The CAP Theorem: A Perspective on Change

22 July 2024 - 5 mins read time
Tags: CAP System Design

If anybody asks me the hardest thing to handle in software engineering, I would say “the change itself” without thinking for even a second. We often find ourselves, for example, trying to understand, tolerate, or manage changes in our code, environment, or the tools we use. The same applies to the systems that we design. They need to be tolerant of change—whether it be a change in demand, a change in infrastructure, or a change in their own components. In my understanding, the CAP theorem is fundamentally about designing systems to tolerate changes that are mostly beyond our control.

Before diving into the usual explanation of the letters and the classical “two out of three” concept, let’s take a quick look at the story and motivation behind the CAP theorem. In 2000, when I was a little kid playing with the shutters of old floppy disks (don’t judge me, it was really fun back then), a legend across the Atlantic gave a talk at the PODC conference, beginning with the following words:

Current distributed systems, even the ones that work, tend to be very fragile: they are hard to keep up, hard to manage, hard to grow, hard to evolve, and hard to program.

Eric A. Brewer

Well, it’s 2024 now, and this statement remains as valid as ever. We are still striving to design systems that can tolerate changing situations, such as communication problems between different parts of the system. Speaking of which, what would be the solution in such cases? The magic answer is, of course, “It depends!” But we are fortunate that our legend provided us with a framework—the CAP theorem—to structure our priorities in a simple way. What does that mean? Let’s finally give the definitions and not disappoint every other fellow CAP article on the internet. The CAP theorem is the concept of balancing consistency, availability and partition tolerance. Speaking of which:

Consistency means that every request receives the most recent data or an error, ensuring all available nodes return the same data simultaneously.
Availability ensures that every request receives a response, even if some nodes are down, keeping the system operational at all times.
Partition Tolerance means that the system continues to function properly even when network partitions occur, allowing it to handle communication breakdowns between nodes.

Originally, the CAP theorem was simplified as “you only get 2 out of these 3” to make things more digestible. But the truth, especially nowadays, is not that deterministic. Before discussing this through an example, let’s try to understand the idea better. Honestly, I struggled to imagine all three scenarios at first, especially when Consistency and Availability (CA) were considered together. I naively asked, “Oh well, if it’s possible to have CA systems, what the heck are we talking about?” But when I started to think of all systems as CA until a network partition occurs, it started to become clearer.

So, it’s actually about deciding between preserving consistency or availability over each other. But why do we have to make this decision?

Well, because we don’t have another option. If we decide to keep all the functionality available, there might be inconsistencies in behaviour during or after the partition. On the other hand, if we decide to keep the system always consistent, we might have to forfeit some functionality to maintain data consistency. So, it seems pretty straightforward, right? Your system is either consistent or available. (Un)fortunately, the reality requires a more probabilistic, or let’s say a more fluid approach. In Mr Brewer’s words from his article for CAP’s twelfth year, “The choice between C and A can occur many times within the same system at very fine granularity; not only can subsystems make different choices, but the choice can change according to the operation or even the specific data or user involved.”. Let’s now take a look at a familiar real-life example where consistency and availability show off their dance when partitions sing a Schlager.
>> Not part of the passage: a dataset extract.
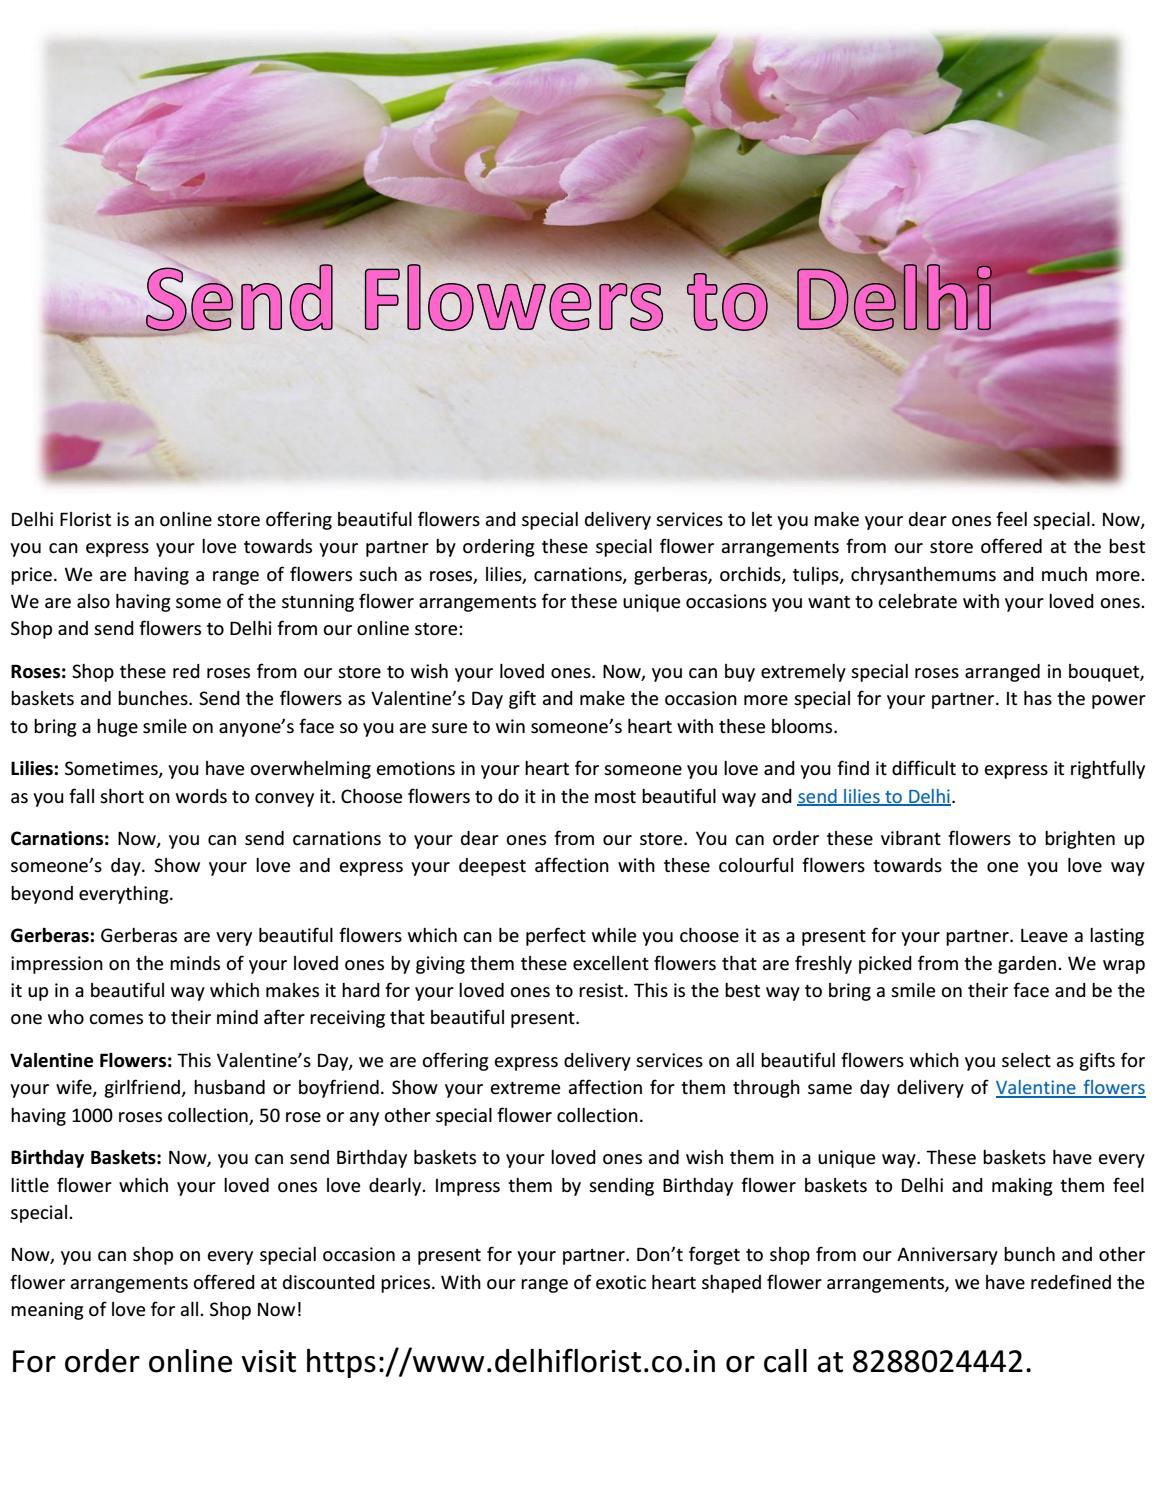 Send Flowers To Delhi by Delhi Florist - issuu
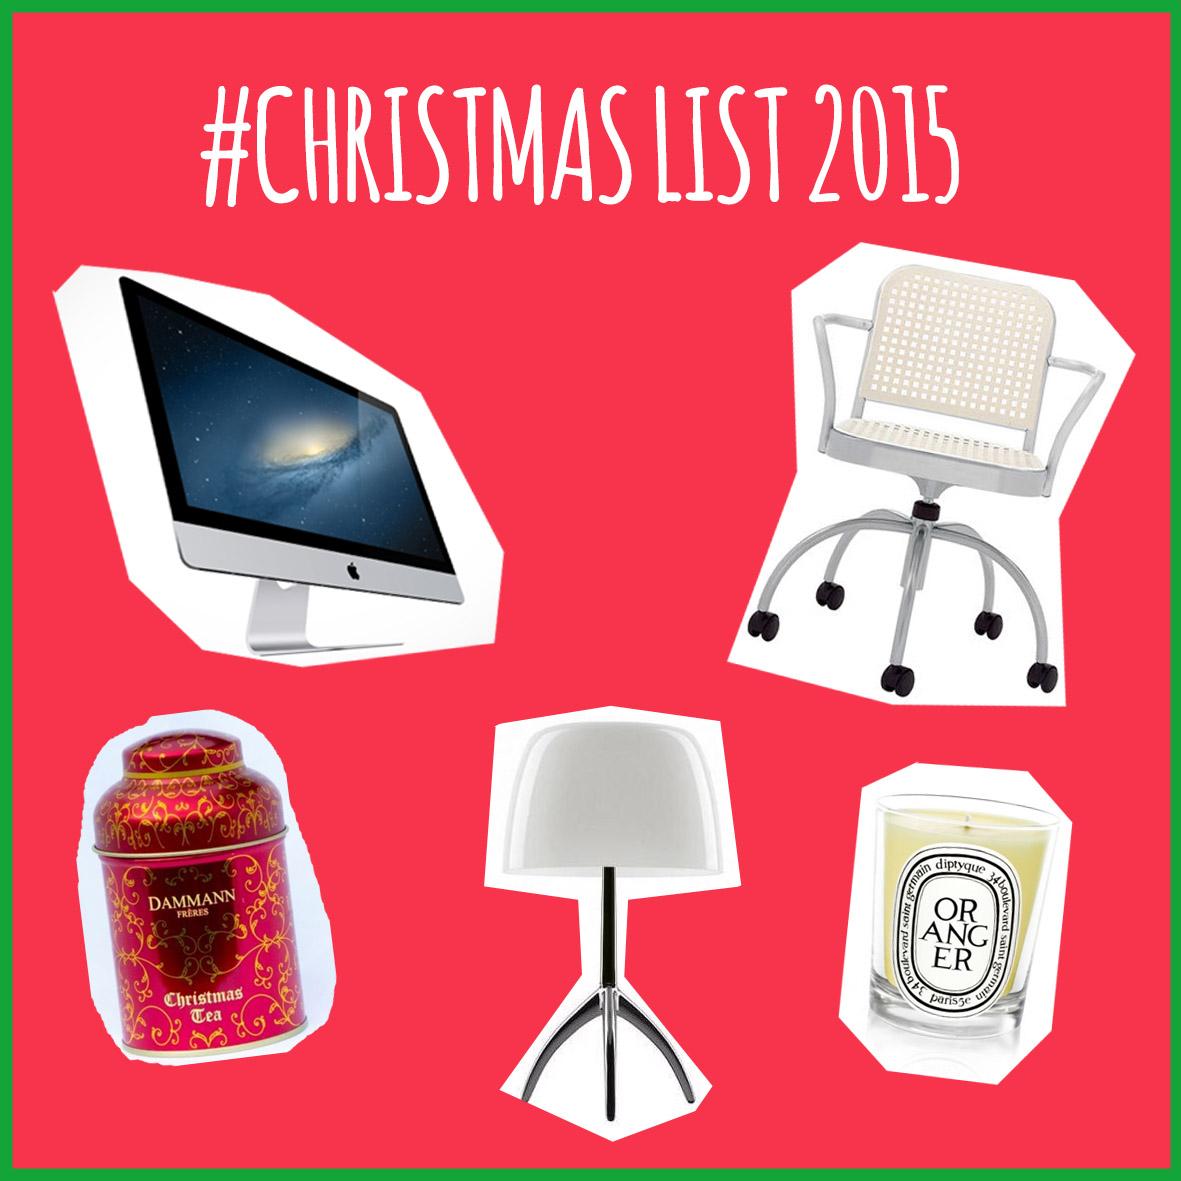 Christmas list 2015 Bubbles Com

This is my favourite CAP example as Git is at the heart of almost every software development process now. As you may already know, Git is a distributed version control system that allows multiple developers to work on the same project concurrently. Git has partitions in its nature as it allows users to work on local copies of the entire repository. So, unless a developer pushes something or pulls the latest version of the central repository, that developer has a partition to the central repository. But the system can be used by the developer without an error, they can commit some lines of change, they can create branches, or they can rebase them etc. When the beautiful moment of pushing comes, for example, the partition gets killed. However, the consistency should be reinstated by possibly resolving merge conflicts.

This behaviour makes Git slightly more on the AP side as it’s available while it has a partition; consistency is not always present and needs to be rebuilt when the partition resolves. But it will eventually become consistent after a successful merge. This seems a bit fluid, doesn’t it?

This, and many other modern systems, demonstrate that the CAP theorem is not a rigid limitation. It’s not designed to constrain us; it’s designed to make us aware of the fluid trade-offs we must manage.

Thank you for reading this far. I did not want to bring up the classical examples here as you can find many in other brilliant CAP content. So, I apologize if I disappointed you.